What to do | Repeat the listing below in full and exactly. Pictures are to be omitted.

The data |
-.-.-
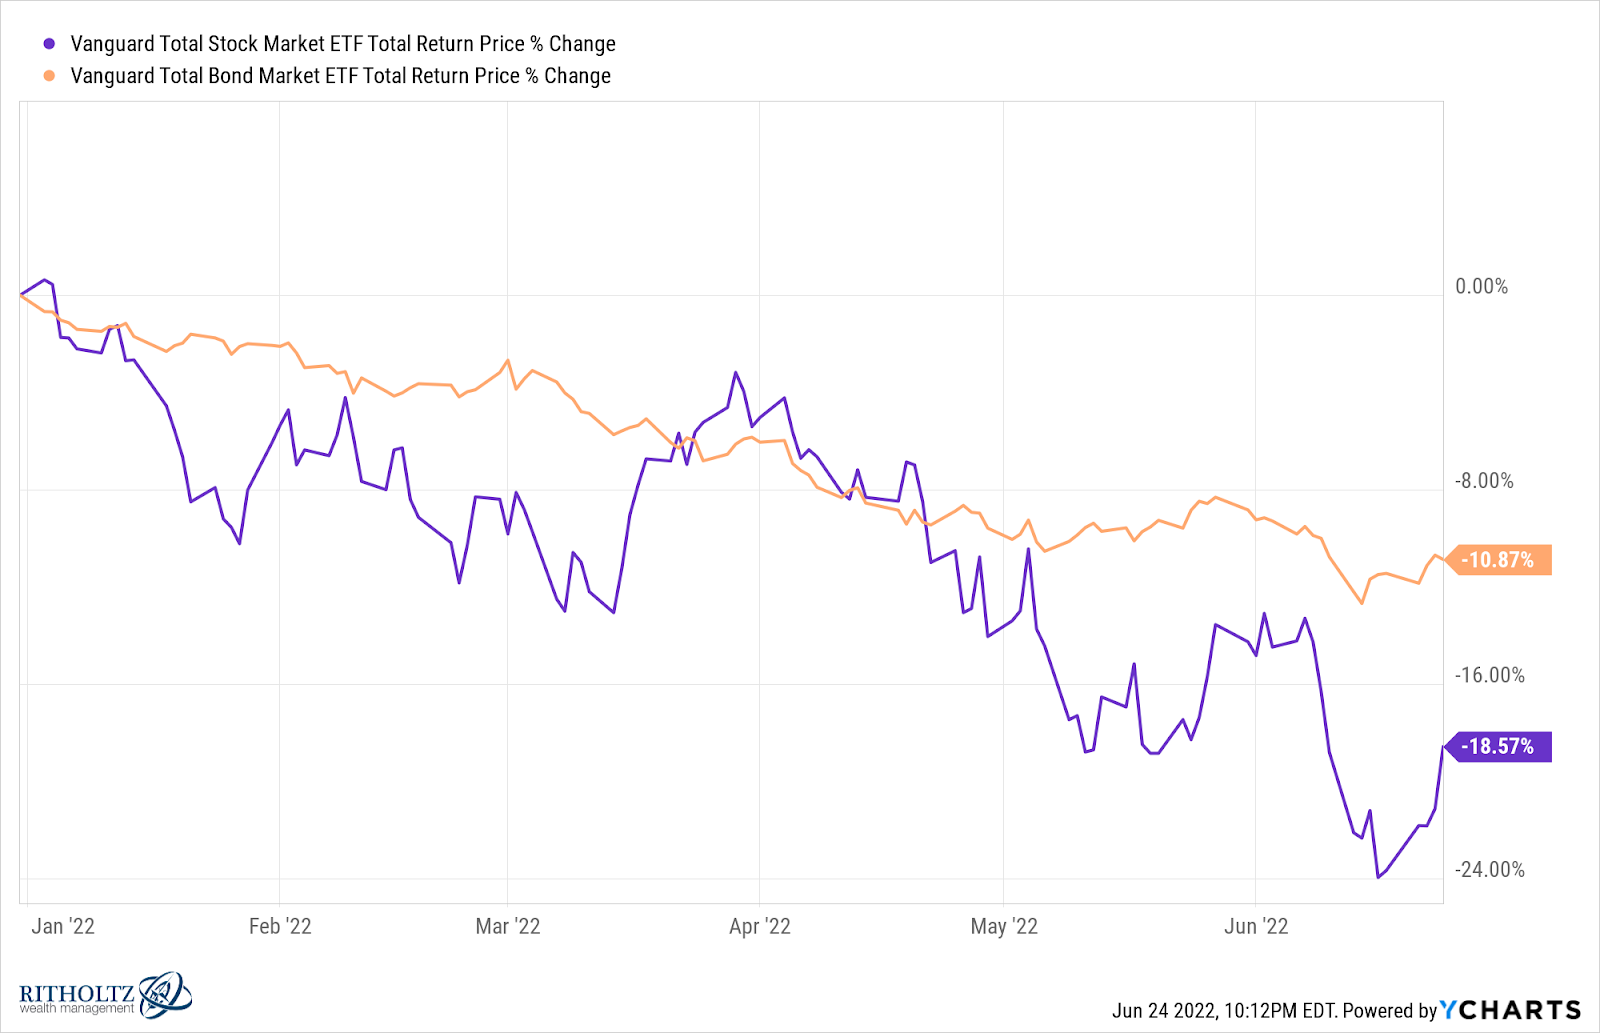 Vanguard Total Stock and Bond market between January and Jun 2022.
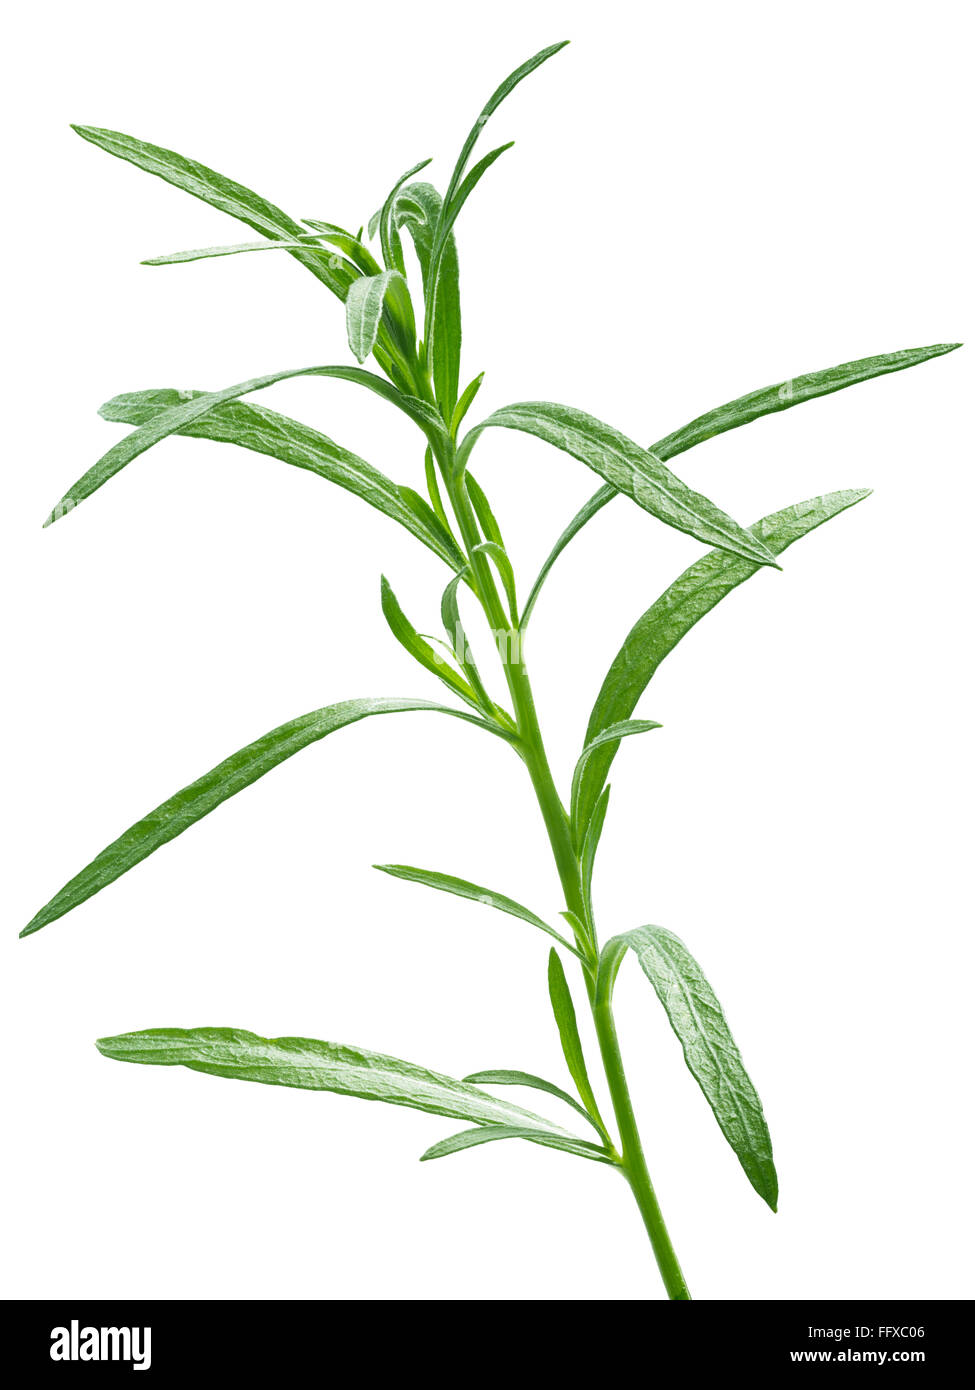 Frischen Estragon (Artemisia Dracunculus). Aromatisches Kraut fein. Clipping-Pfad, unendliche DOF, hoch detaillierte, verbesserte Farbe Stockfoto
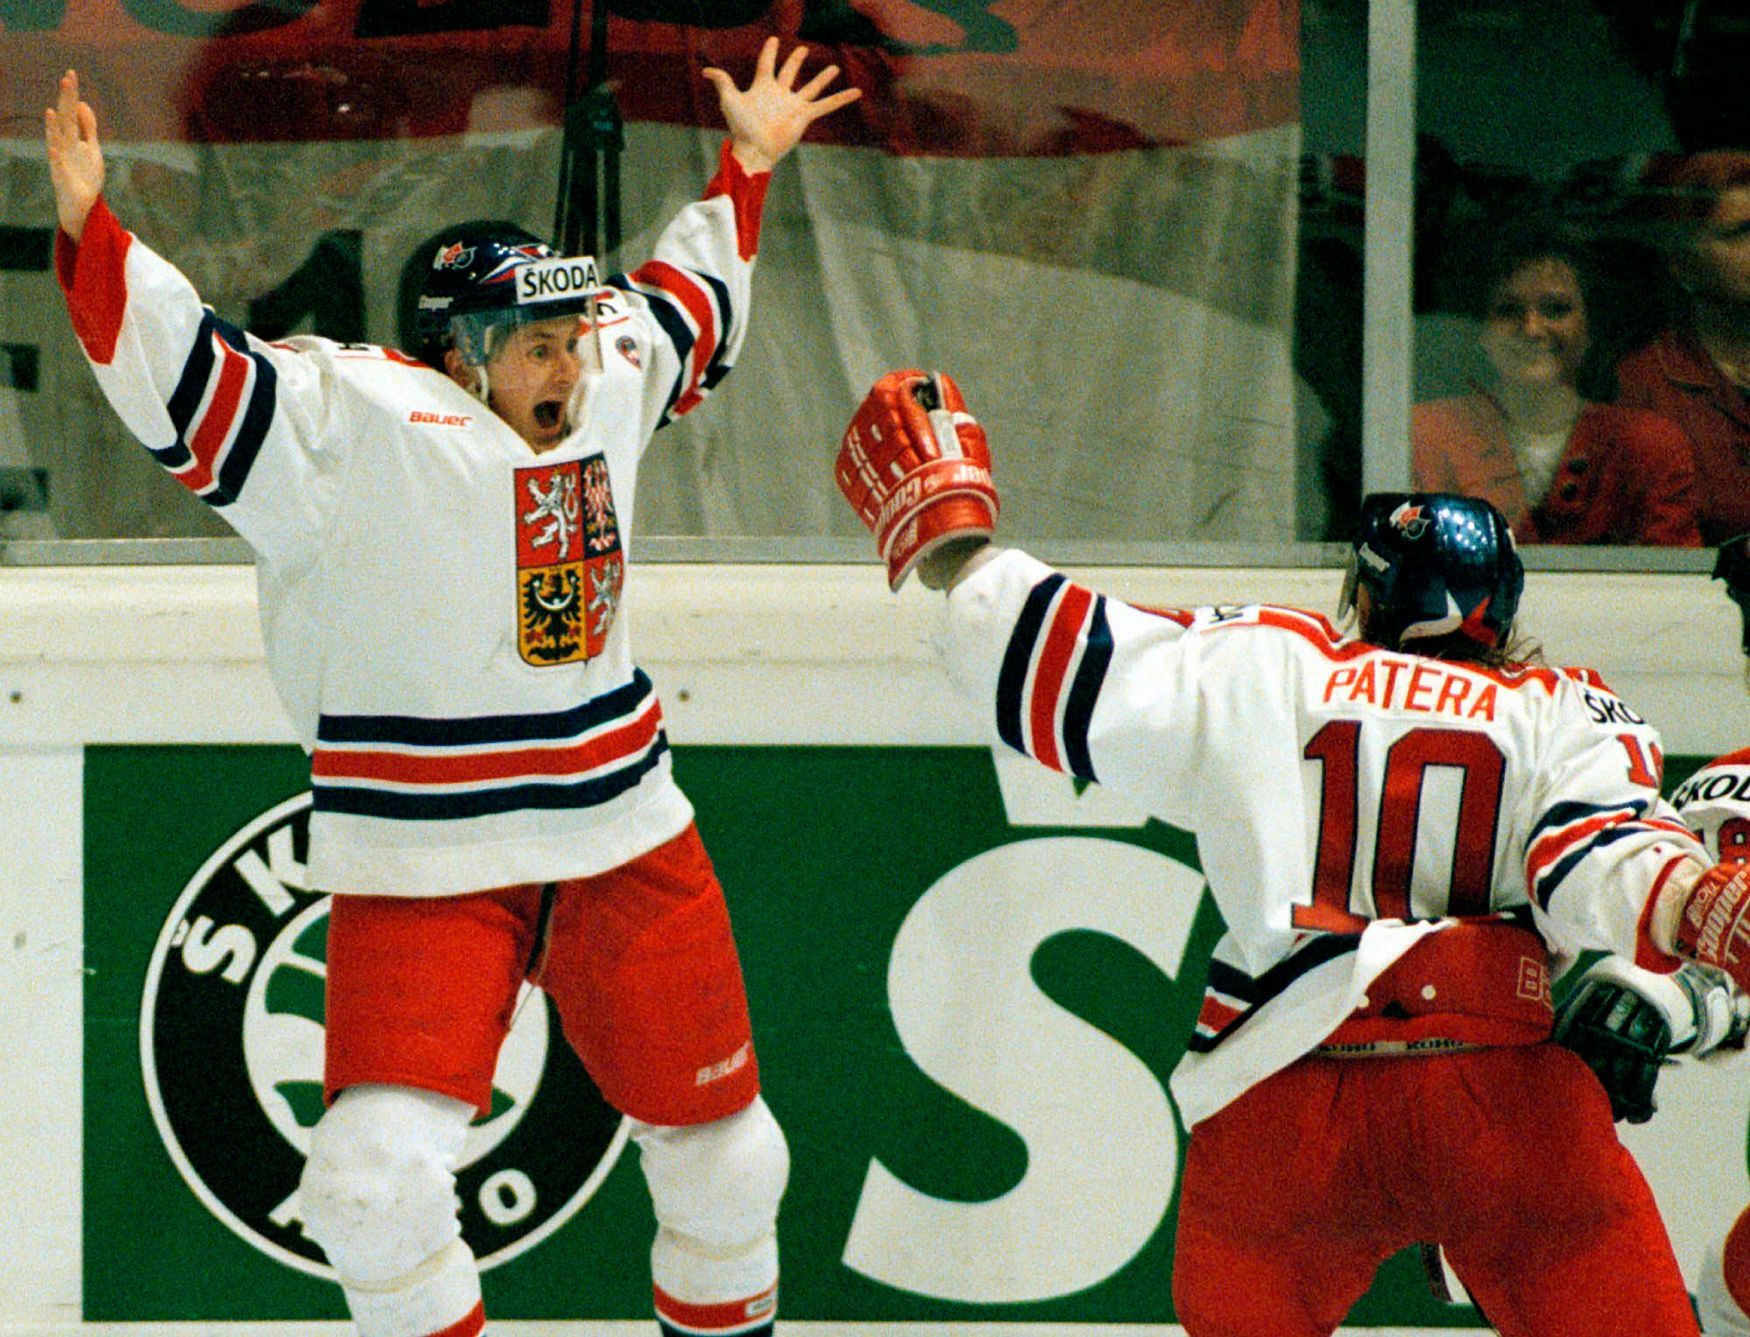 MS v hokeji 1996: Martin Procházka a Pavel Patera oslavují vítězný gól ve finále proti Kanadě
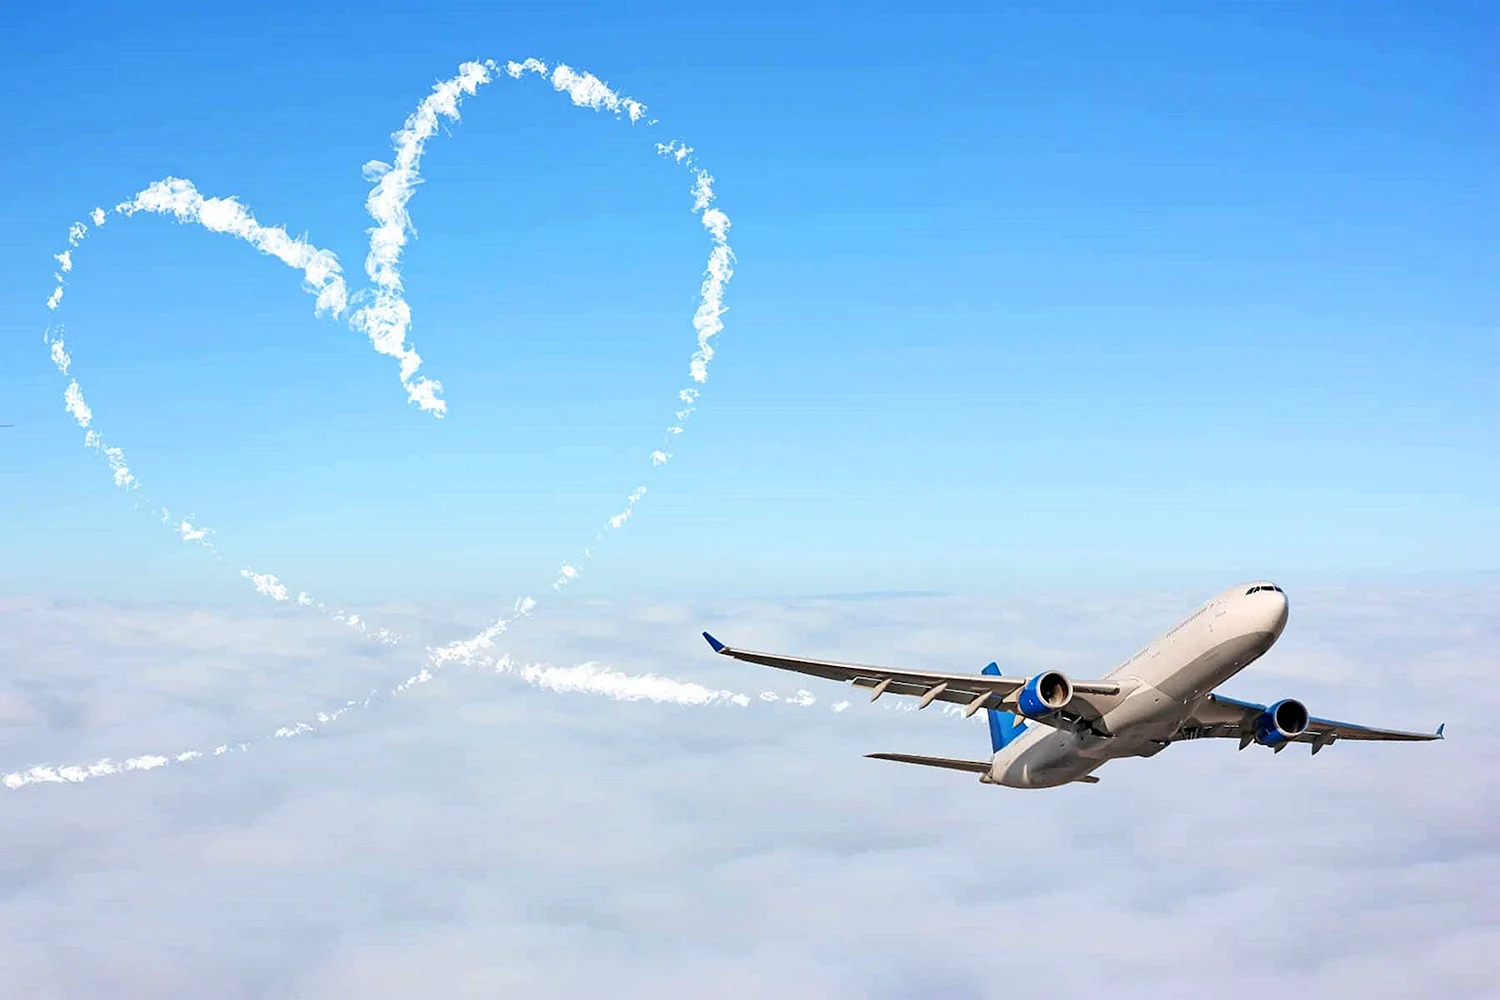 Сердце с самолетом
-.-.-
Task answer |
 Vanguard Total Stock and Bond market between January and Jun 2022.
 Frischen Estragon (Artemisia Dracunculus). Aromatisches Kraut fein. Clipping-Pfad, unendliche DOF, hoch detaillierte, verbesserte Farbe Stockfoto
 MS v hokeji 1996: Martin Procházka a Pavel Patera oslavují vítězný gól ve finále proti Kanadě
 Сердце с самолетом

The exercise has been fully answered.